TNF, interestingly, is a drug target for Crohn's disease. Another thing that lowers it, though it must be used with care, is DHEA supplements. As a sufferer of IBS-C myself, I finding that DHEA stops the agony of bloating if bloating does occur (even though I watch my diet, mistakes happen). I do feel, however, that I'm using a sledgehammer by using DHEA, and should find a gentler method, until I'm at least a decade older, so lately I've been testing the broccoli sprouts extract supplement (sulforaphane) which gives me a similar feeling of well being, and works as instantly as DHEA. Now I know why.

Thanks for the article. I tolerate cauliflower well as a food. I make "low carb cauli rice" and other low carb substitutes out of it. It also doesn't give me fiber type trouble. I discovered that if you have the blanching water infused with crushed caraway seeds, the cauliflower florets come out tasting sweet. Truly one of the best foods ever. Perhaps it is also time to re-learn how to make sauerkraut too. I love that stuff if it's homemade, but not so much the vinegary products sold in stores.

How to maximize the sulforaphane when cooking broccoli (or other crucifers):

http://www.sciencedaily.com/releases/2005/03/050326114810.htm

"the best way to prepare broccoli is to steam it lightly about 3 or 4 minutes--until the broccoli is tough-tender"


----------



## tummyrumbles (Aug 14, 2005)

A lot of studies also show that cruciferous vegetables have a high sulfur content which leads to hydrogen sulphide gas and this inhibits the production of butyrate, the main short chain fatty acid that is so beneficial for the colon. Cruciferous vegetables are also high FODMAPs - so either way they cause a lot of gas.
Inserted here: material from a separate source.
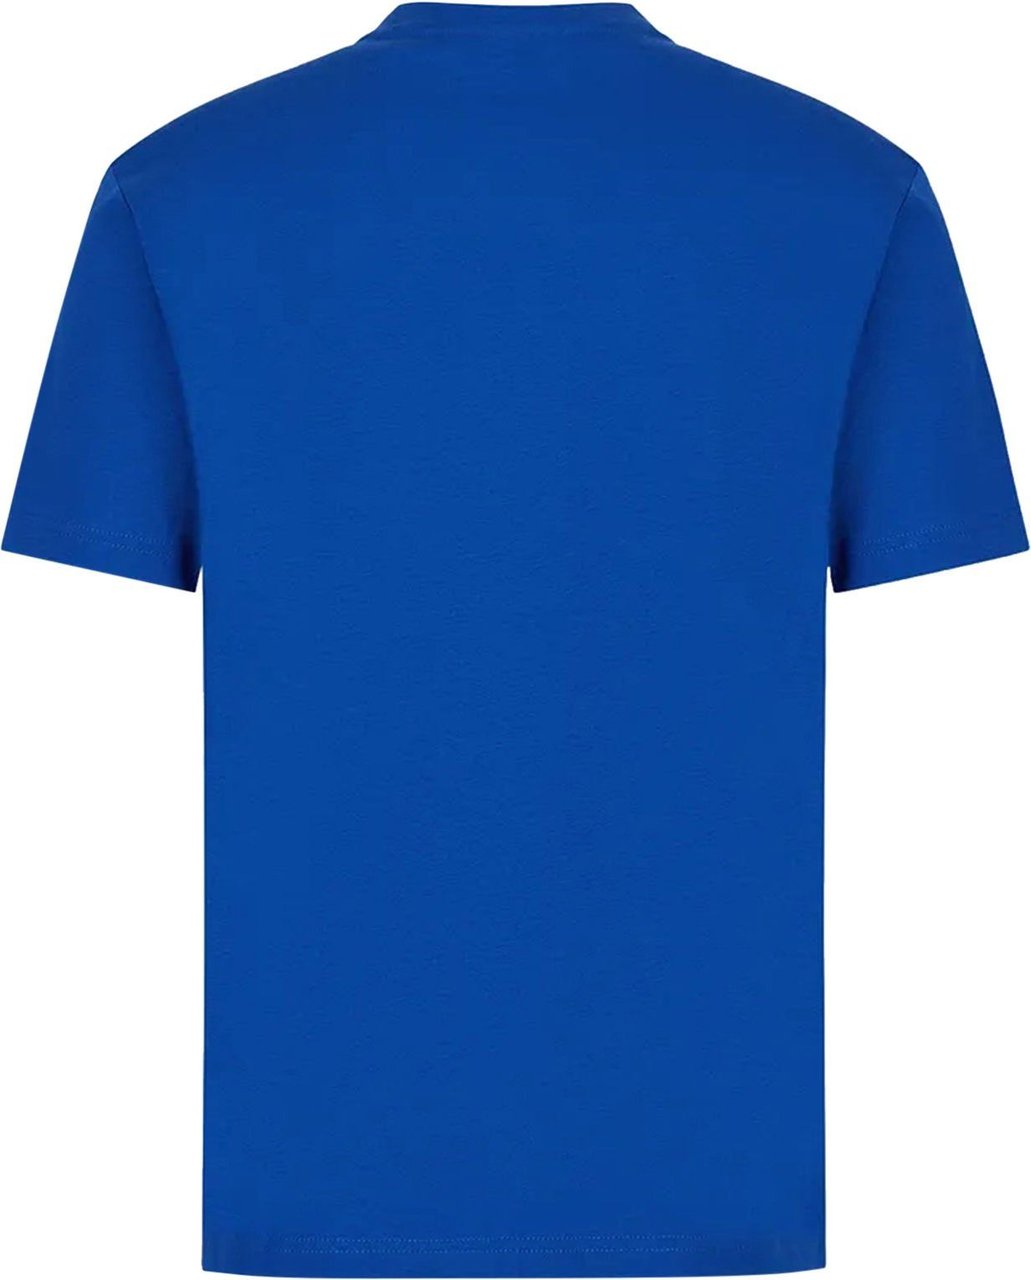 EA7 T-Shirt New Royal Blue Blauw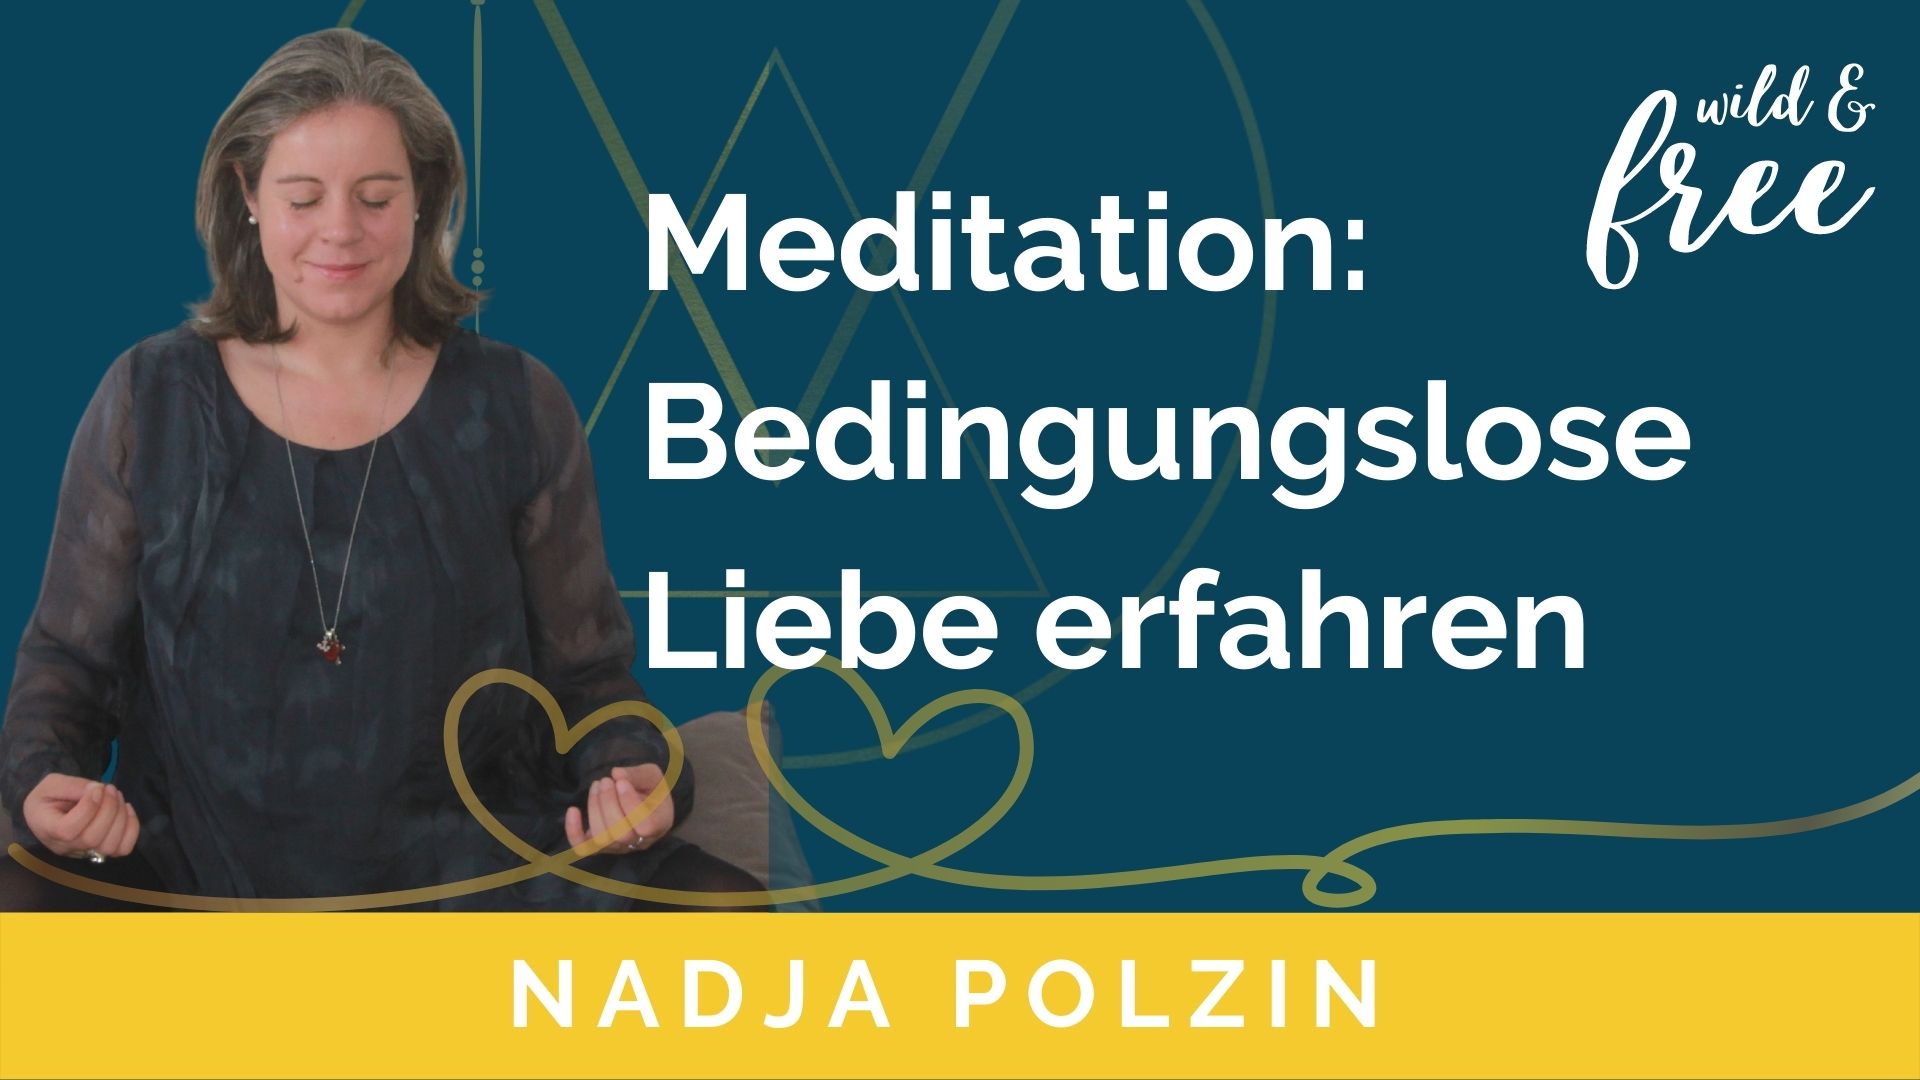 Meditation: Bedingungslose Liebe erfahren

The question is whether cruciferous veges and other high FODMAPs cause more harm than good, especially for people with IBS with a bacterial imbalance who can't digest these foods well.

It could be that bacterial dysbiosis is a primary cause of IBS. So many studies implicate a poor highly refined western diet, sugars, refined flours etc that poor diet is almost certainly the main reason for the overabundance of bad over good bacteria.

Most people with IBS find their symptoms are much worse if they eat high FODMAPs like cruciferous vegetables or a lot of fibre. This could be because they lack a healthy population of the good bacteria necessary to digest these foods. But good bacteria can repopulate and bad bacteria can die off if we change our diet.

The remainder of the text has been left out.